> **RECORDED INFORMATION**
+ + + + +

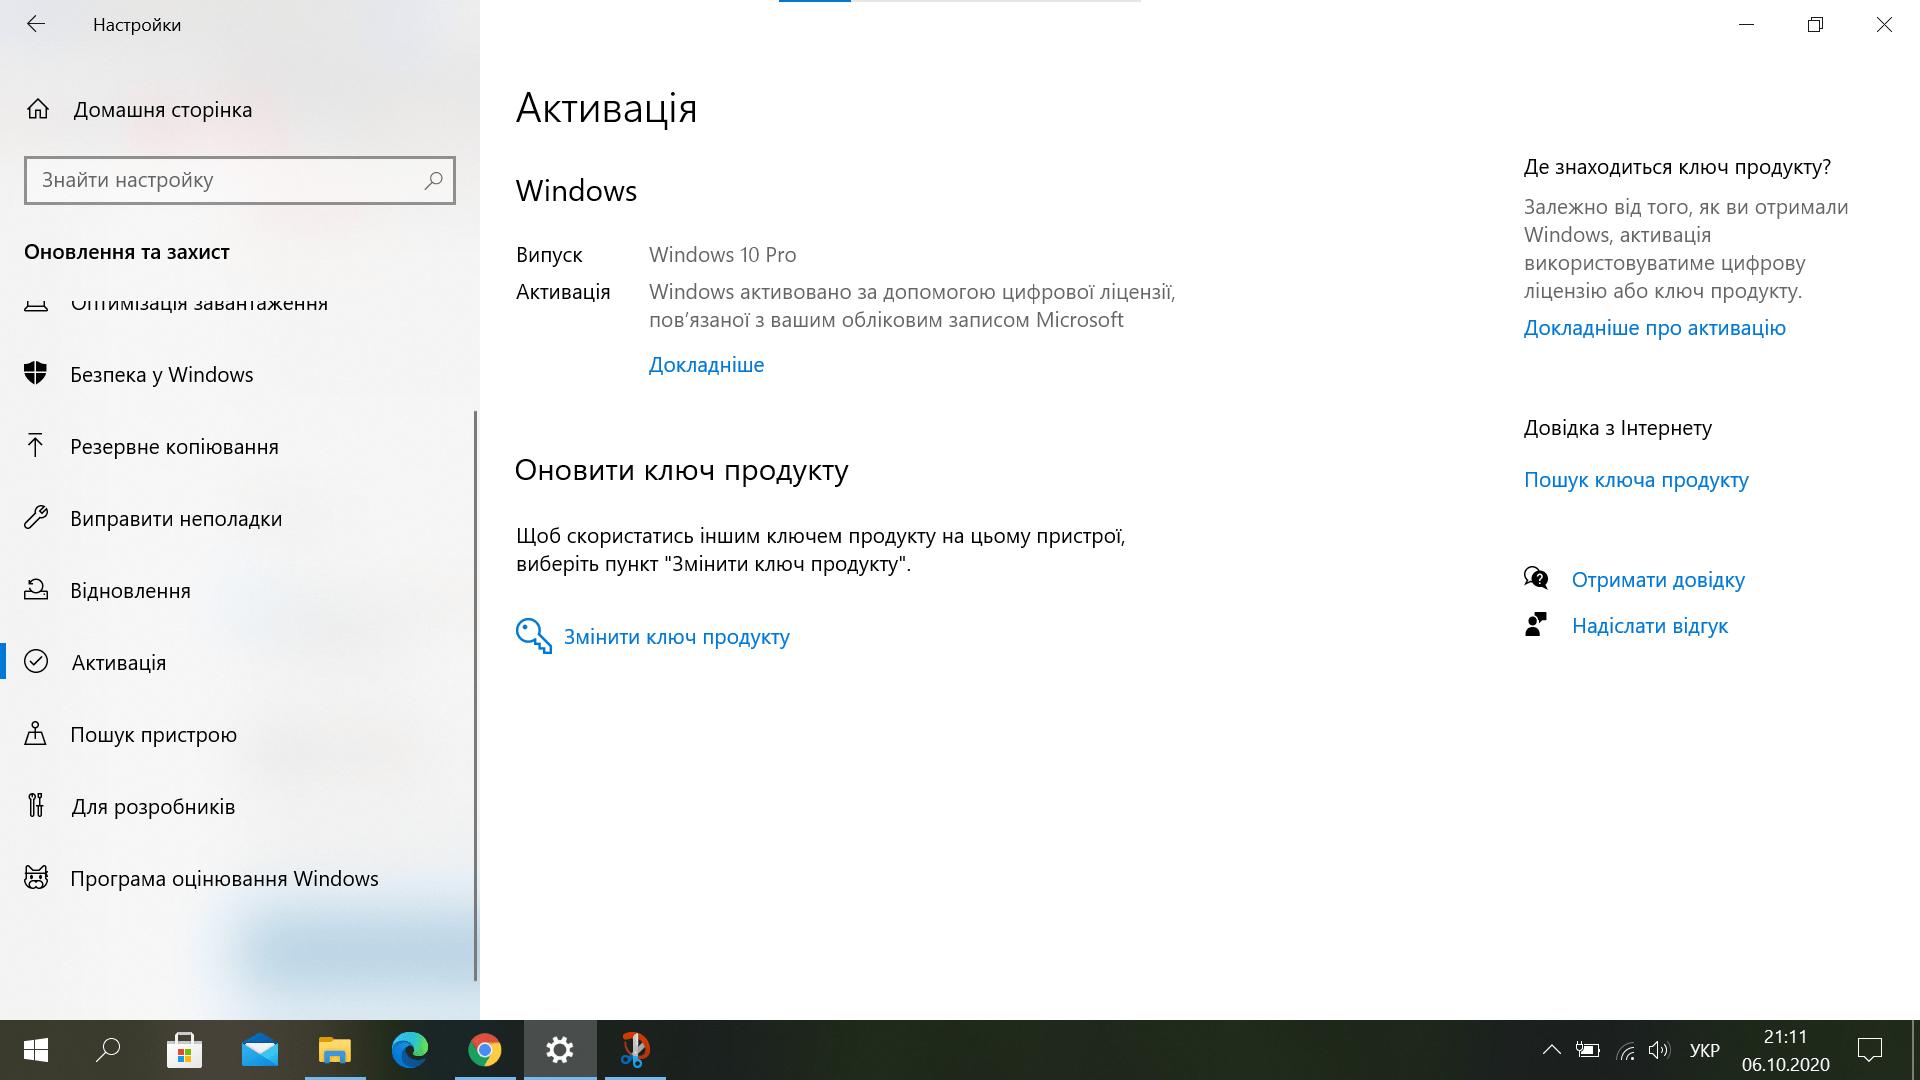 Устранение любых ошибок Центра обновления Windows 10, Windows 8.1, Windows 8, Windows Server 2012 R2 или Windows Server 2012
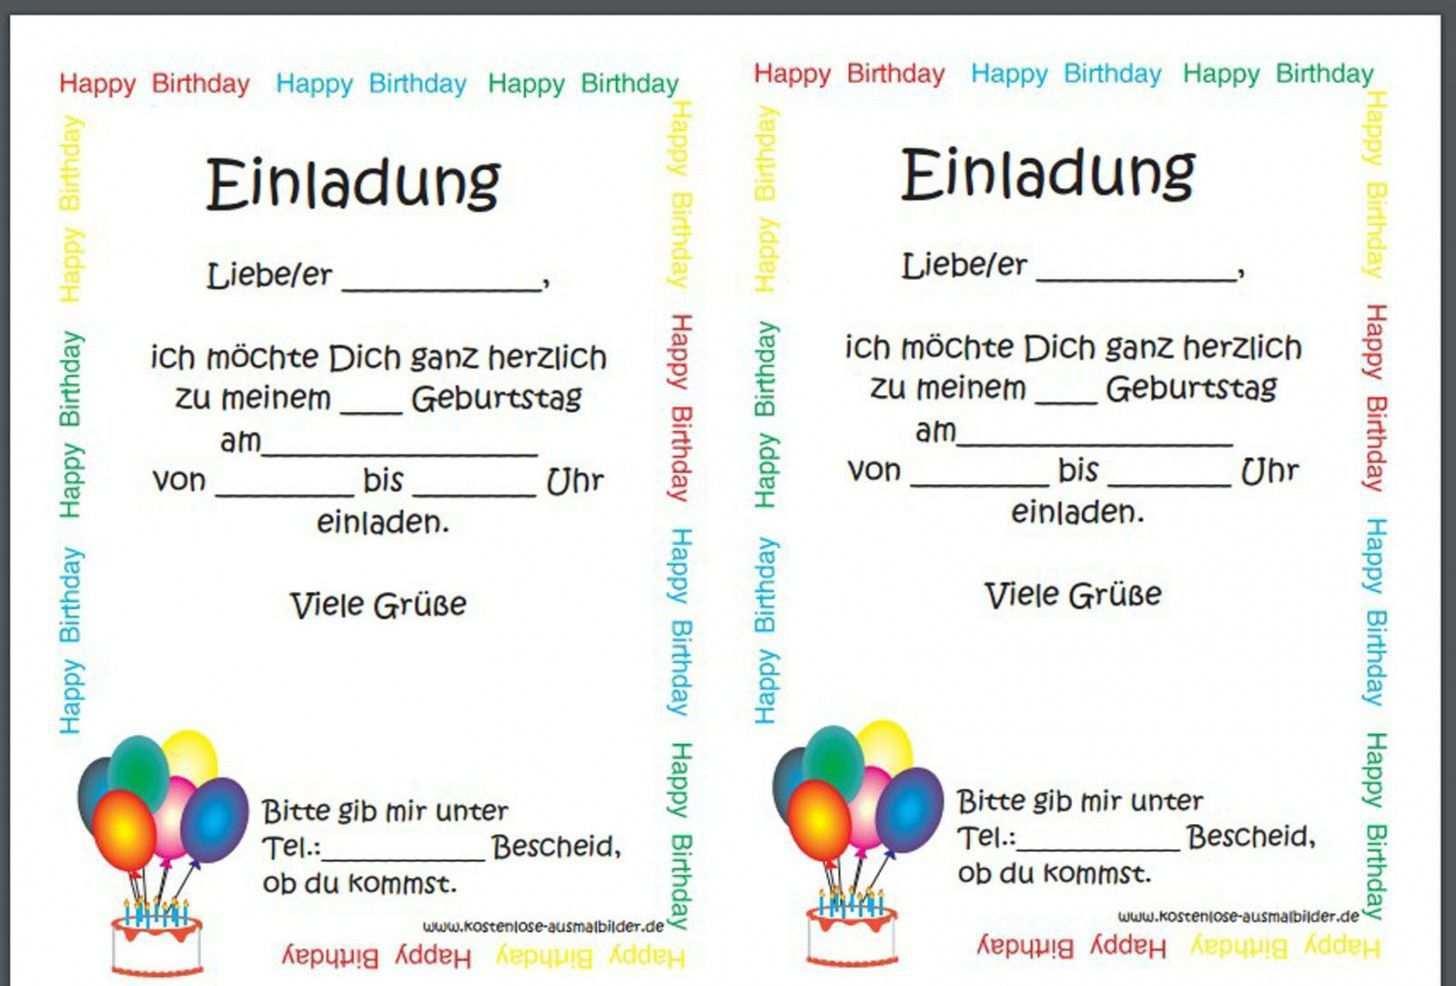 Einladungskarten Geburtstag Einladungskarten Gebur Vorlage Einladung Kindergeburtstag Einladungskarten Kindergeburtstag Text Einladungen Geburtstag Kostenlos
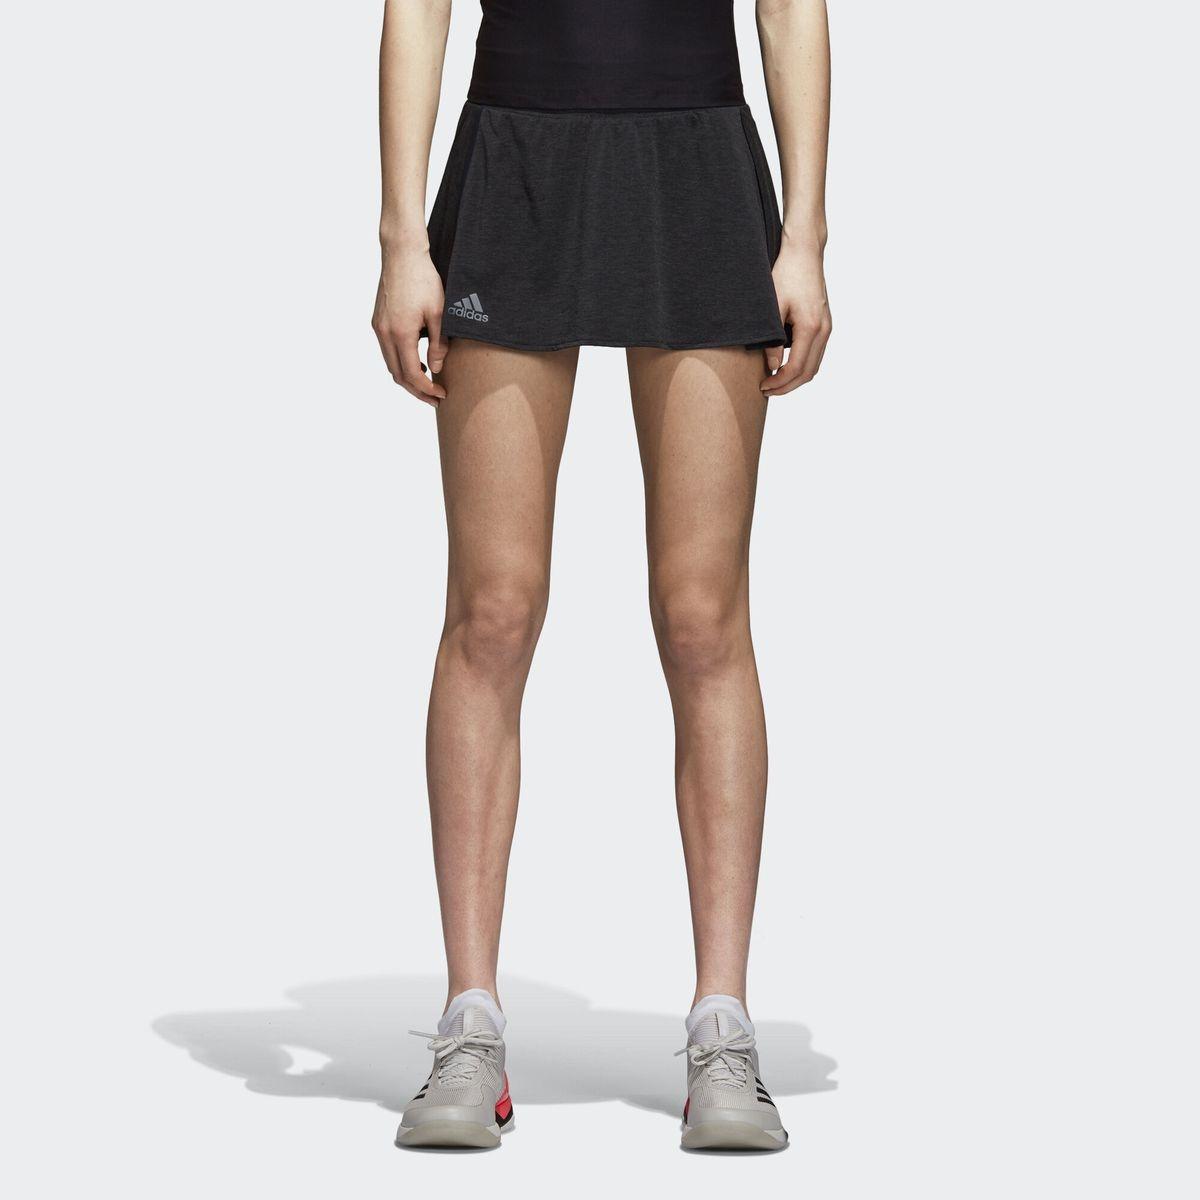 Jupe Adidas Adidas Jupe Adidas Adidas Jupe Adidas Jupe Jupe dhrtsQC
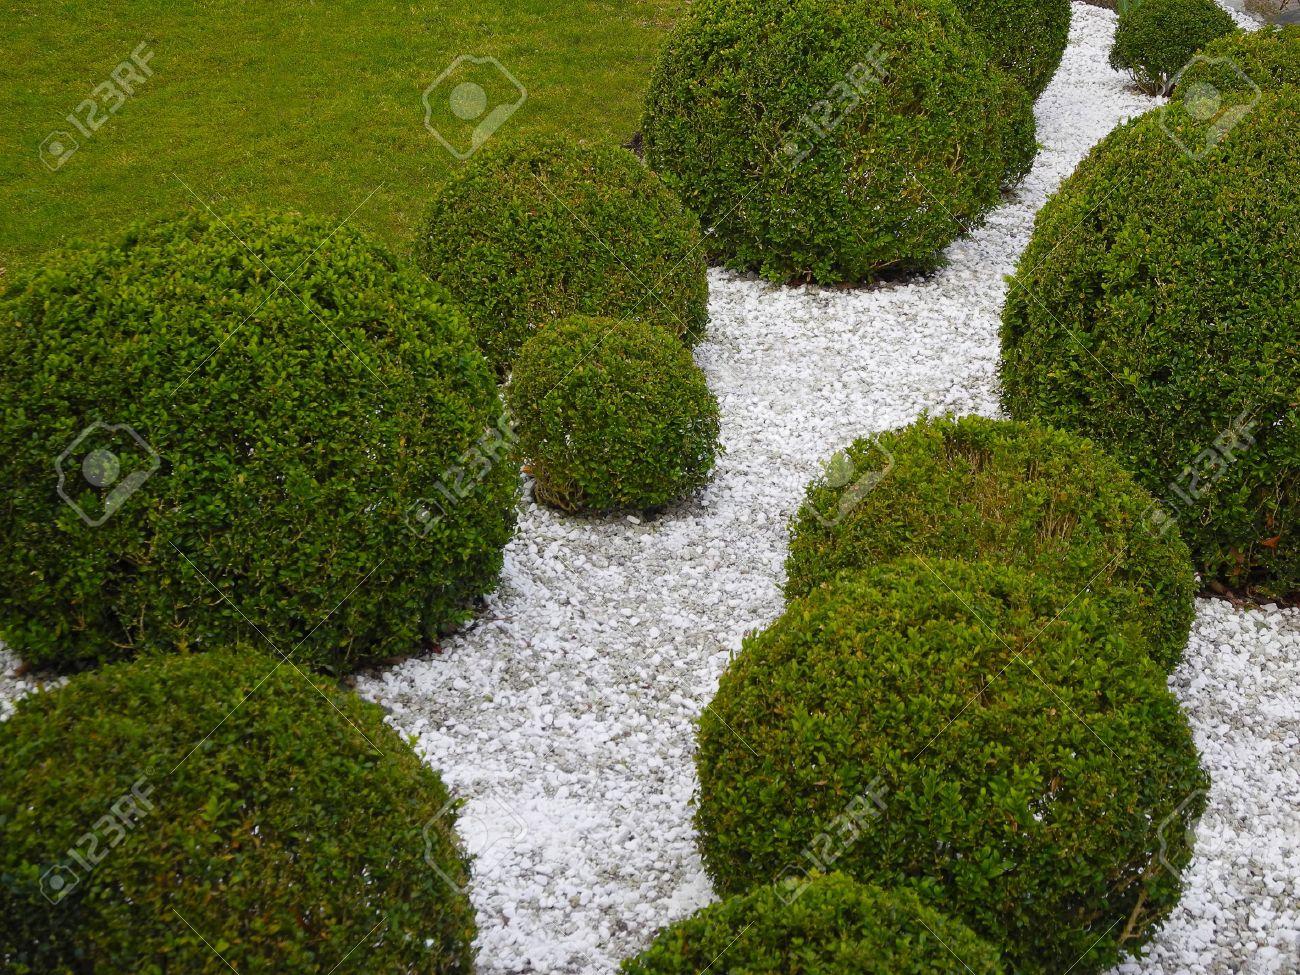 Détail jardin de buis et de gravier blanc

+ + + + +

Transcribe the listing verbatim, pictures excluded.

> **TASK SOLUTION**
 Устранение любых ошибок Центра обновления Windows 10, Windows 8.1, Windows 8, Windows Server 2012 R2 или Windows Server 2012
 Einladungskarten Geburtstag Einladungskarten Gebur Vorlage Einladung Kindergeburtstag Einladungskarten Kindergeburtstag Text Einladungen Geburtstag Kostenlos
 Jupe Adidas Adidas Jupe Adidas Adidas Jupe Adidas Jupe Jupe dhrtsQC
 Détail jardin de buis et de gravier blanc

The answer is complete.